Everywhere he went, Johnson was met with huge and largely favourable publicity. Sunak arranged for the trip to Kyiv to be paid for by the British taxpayer in a sign that Johnson is playing the role of unofficial envoy.
Foreign wars
The omerta surrounding Corbyn’s recent warnings against escalation can partly be explained by the fact he is not, like Johnson, a former prime minister. Furthermore, Corbyn has been turned into a non-person in Keir Starmer’s Labour Party.
But he has an annoying habit of being right about foreign wars.
This is not the first time that the former Labour leader has been the voice of caution when the British political class have rushed towards conflict. He took a brave and principled stand when Tony Blair blindly followed George W Bush into the Iraq disaster.
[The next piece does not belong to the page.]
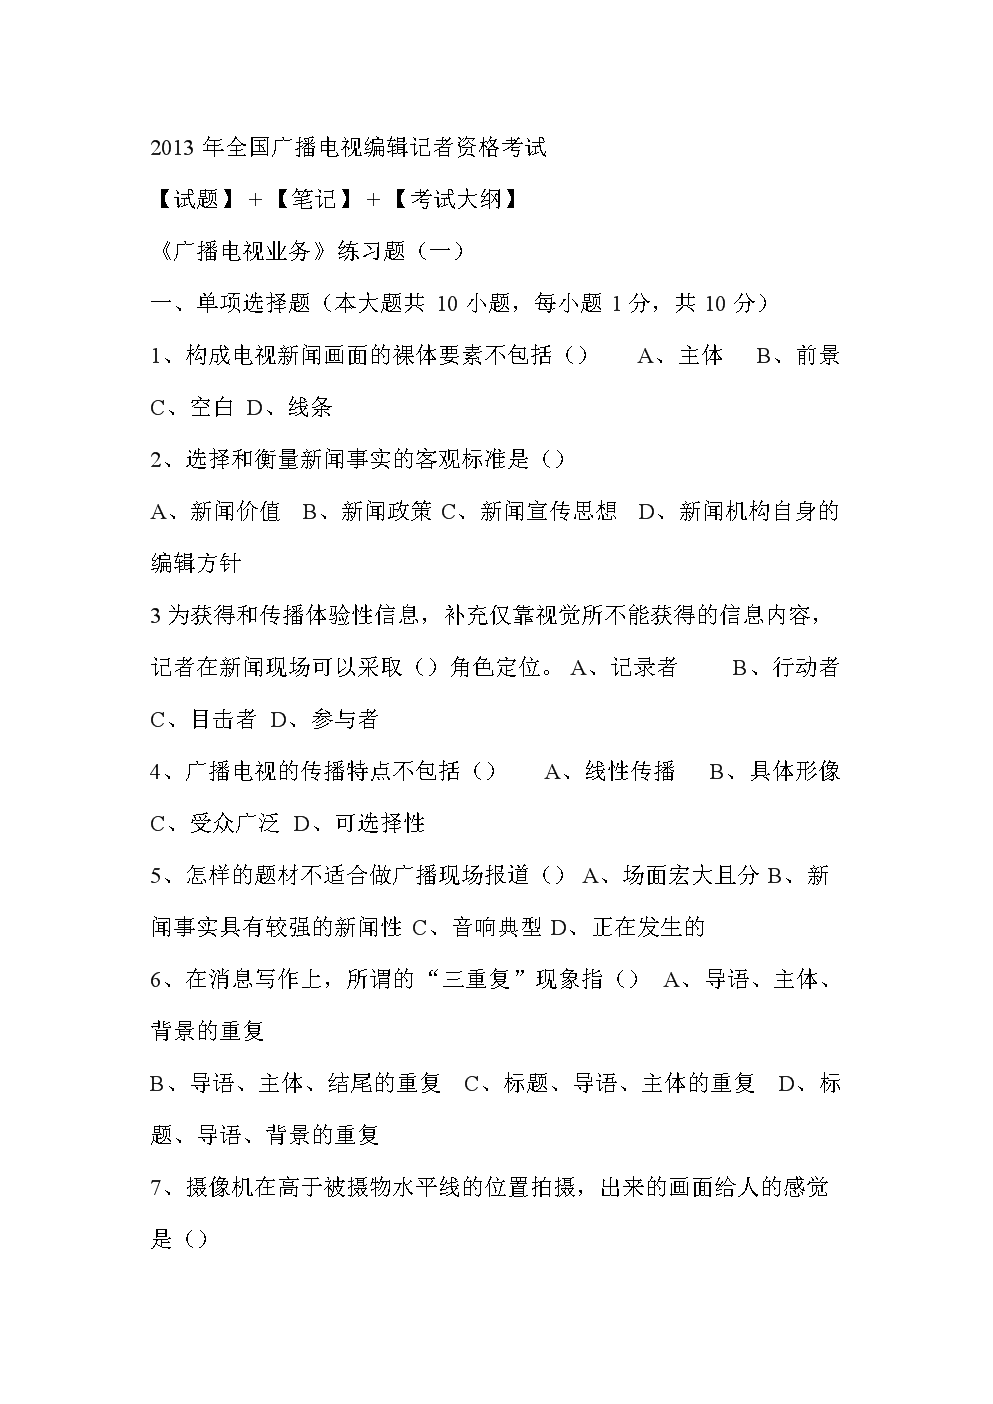 abc300com视频电影_作为中国当代最著名的电影导演之一,张艺谋在国内外获得过无数大奖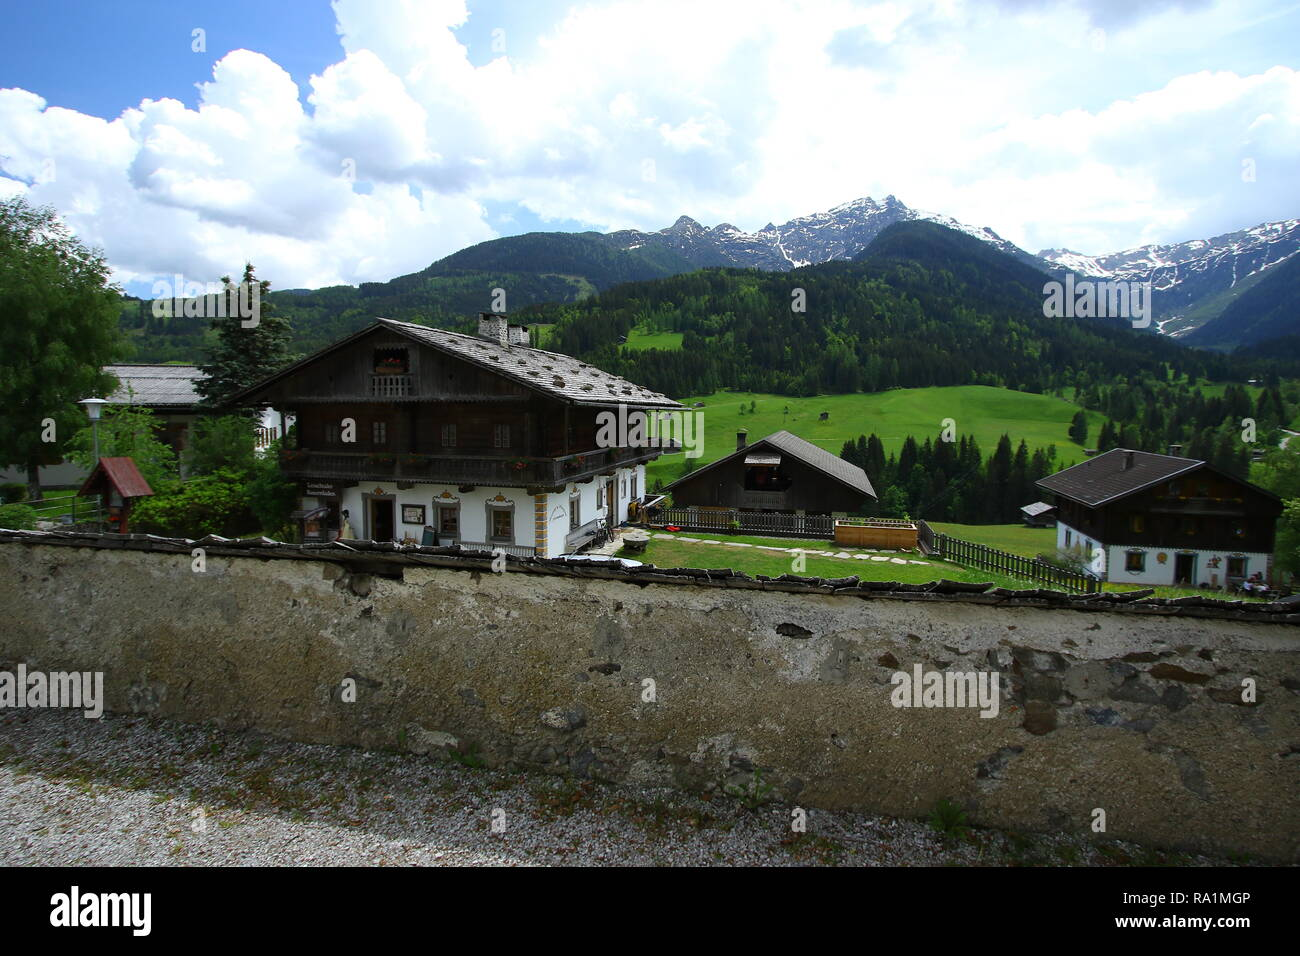 Lesachtal in Kärnten. Zusammen mit den Dörfern von Liesing, Maria Luggau, St. Jakob, Birnbaum und St. Lorenzen. Wild Österreich Europa. Stockbild

He has been vindicated by his prescient warnings over Afghanistan and Libya.
Moreover, Corbyn was right at the time, and not just in retrospect.
By contrast, Johnson is a mess. When he was UK foreign secretary, Britain defended the Myanmar government while it was raping, burning and exterminating the Rohingya Muslims. In a display of double standards, it stood with Saudi Arabia while it waged war in Yemen.
As PM, Johnson told MPs that the Taliban could not win, just a month before the fall of Kabul. Three months before the Russian invasion of Ukraine, he told MPs that failure to invest in tanks made sense when the “old concepts of fighting big tank battles on European landmass are over”.
Actions without consequences
I am a long-term student of Johnson's lies, falsehoods and misrepresentations. Given his long record of confident statements that later turn out to be false, there’s a case for treating what he has to say with caution.
Take for example this statement in Davos on fears that a threatened Russian President Vladimir Putin might use nuclear weapons: “Nonsense. He’s not going to use nuclear weapons, OK? He’s like the fat boy in Dickens, he wants to make our flesh creep. He wants us to think about it. He’s never going to do it.”
Casual, jokey comments like this about the threat of nuclear war should not be made, especially when the other side is warning of the horrible possibility that they might indeed be used.
Western politicians such as Johnson are manifestations of a long period of peace and prosperity when actions did not have consequences, and rhetoric was just words.
It’s always worrying when all political leaders agree on any subject. If Britain and the West are to engage more deeply in Ukraine, we need a serious, informed debate about war objectives and the hazards ahead.
That means hearing less from Boris Johnson - and rather more from Jeremy Corbyn.
The views expressed in this article belong to the author and do not necessarily reflect the editorial policy of Middle East Eye.